Smegui is from another application that this one depends on. I thought perhaps I was missing a dll but there is no such thing as Smegui.dll.
All I know about .tlb files is that they are a type library and you can create them from an assembly using tlbexp.exe or regasm.exe (the later also registers the assembly with COM)
There is also an Apache Ant build script which uses a custom task to invoke devenv.com to build the projects. This is the same script that the build server originally used to build the application. It gives me the same errors when I try and run it.
The strangest thing about this is that I knew it ought to work seeing as it is all freshly checked out from subversion. I tried many different combinations of admin vs user elevation, VS vs Ant build, cleaning, release.
I have got it to build successfully about 5 times but the build seems to be non-deterministic.
If anyone can shed some light on how this tlb stuff even works or what this error might mean I would greatly appreciate it.
I found a far more reliable solution: open the tlb with oleview.exe and then close it.
Not sure what this actually does but it works every time.
I think oleview is actually one of the samples included with Visual Studio but I haven't had the time to debug it and see what it is doing.
I ran into this error because one type library was trying to load a dependent type library, which it could not find. Even though the dependent type library was in the same directory, and even though that directory was in the searchable path, the compiler would error loading the first type library, but not mention the dependent type library in the error.
To find the pseudo-missing type library, I ran Process Monitor (procman64.exe) during the compile. This showed that after the reported type library had successfully loaded, a dependent type library could not be found. It even showed all of the places that it was looking for the dependent type library, none of which were where it should have been looking (e.g.: ).

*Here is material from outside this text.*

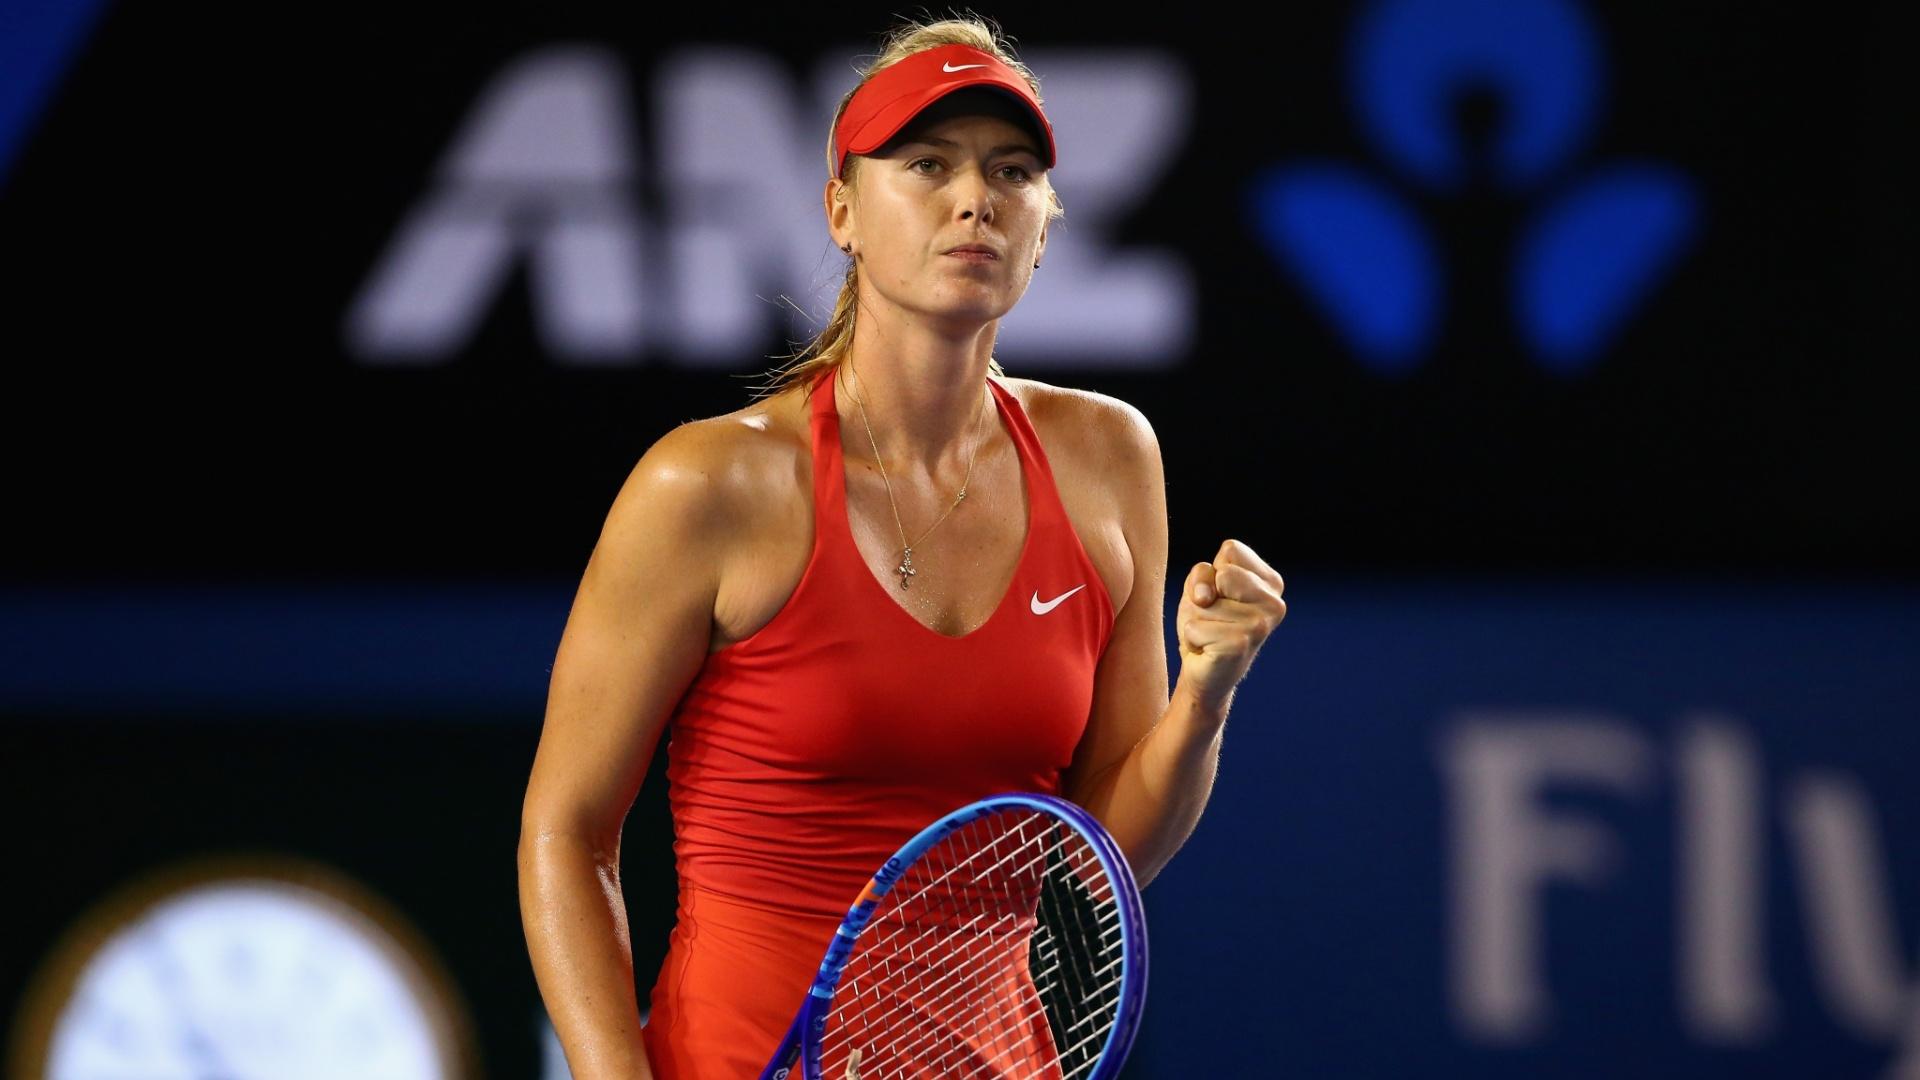 Sharapova comemora ponto conquistado no Aberto da Austrália

The fix was to add a <PreBuildEvent> to the project to copy the dependent .tlb file to one of the directories that was actually being searched.
<PreBuildEvent>
<Command>copy /Y ..\Lib\Interop\CWSpeechRecLib.tlb .\</Command>
</PreBuildEvent>
http://msdn.microsoft.com/en-us/library/sce74ah7%28VS.71%29.aspx
smegui.tlb is referencing some other tlb that the compiler can't find. If you have the .idl for smegui you might be able to figure out what the other is. I suspect the missing tlb is something that original build machine had registered but that your machine doesn't have registered.

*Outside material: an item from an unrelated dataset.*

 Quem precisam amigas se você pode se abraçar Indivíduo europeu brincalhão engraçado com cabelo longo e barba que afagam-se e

A type library is a binary description of a set of interfaces, coclasses and enums. They're usually generated for COM components, in the case of tlbexp and regasm the tlb is created from the assembly metadata. For native COM components they are usually generated from an idl (Interface Description Language) file by the midl tool.
Edit:
I just noticed you're on x64 Windows. Are you building the project with a new version of Visual Studio? If so, are you targeting x86 or x64? If the latter, it may simply be a 32bit component that the compiler can't find (or less likely, a x64 component the x86 compiler can't find if you are targeting x86), for WOW64 the registry is virtualized for x86 vs. x64 applications.
Well I finally found out why I managed to get it to build sometimes and not others... sort of.

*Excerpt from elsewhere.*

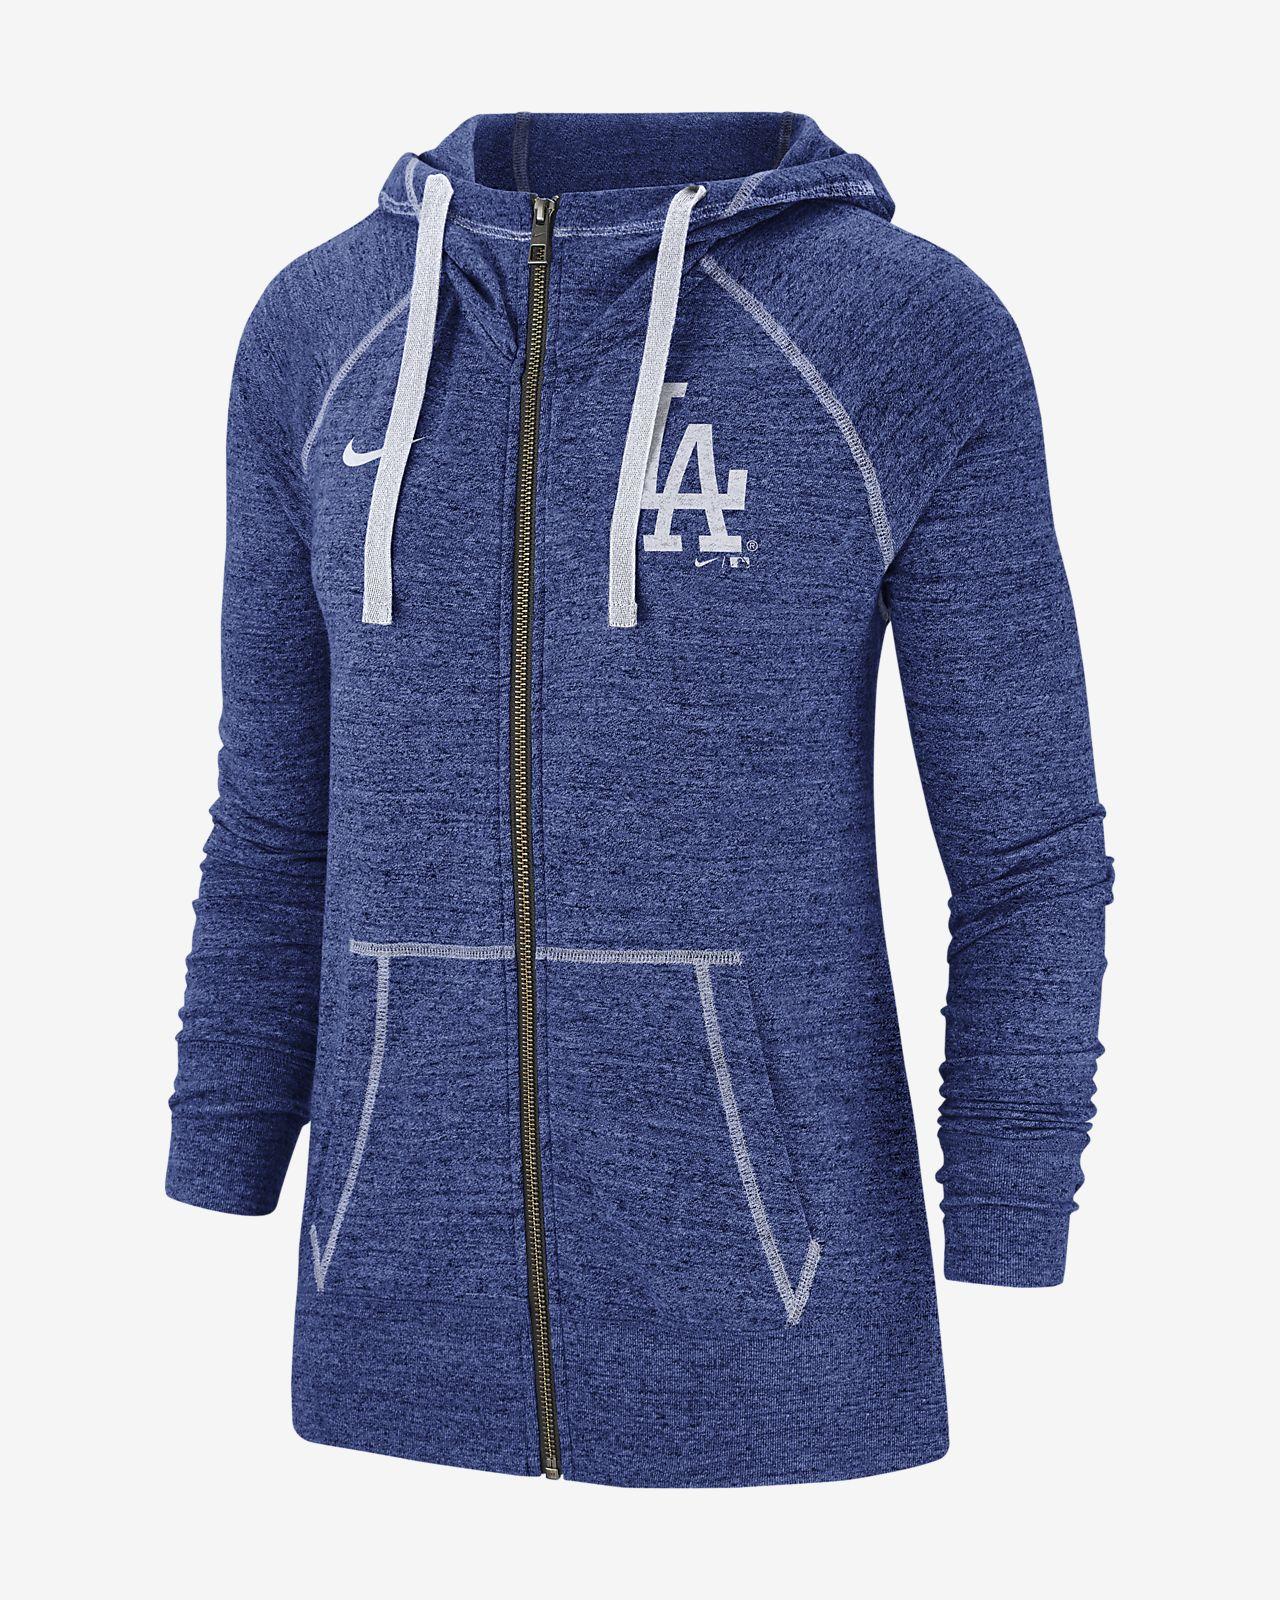 Nike Gym Vintage (MLB Dodgers) Women's Full-Zip Hoodie

So long as I ran the build script with elevated administrator permissions and let that get as far as it could until that error occurred, then run the build script again as a protected administrator succeeded. Those steps must be done in that exact order with no other steps in between. If I try build in Visual Studio it does not work (although I did get it to succeed once). Probably some kind of virtualisation issue although it still doesn't quite make sense.
Well I don't need help on this any more and I know it's probably impossible to fully answer this question without knowing exactly what the build is doing. However if anyone does have any more thoughts I would happily receive them.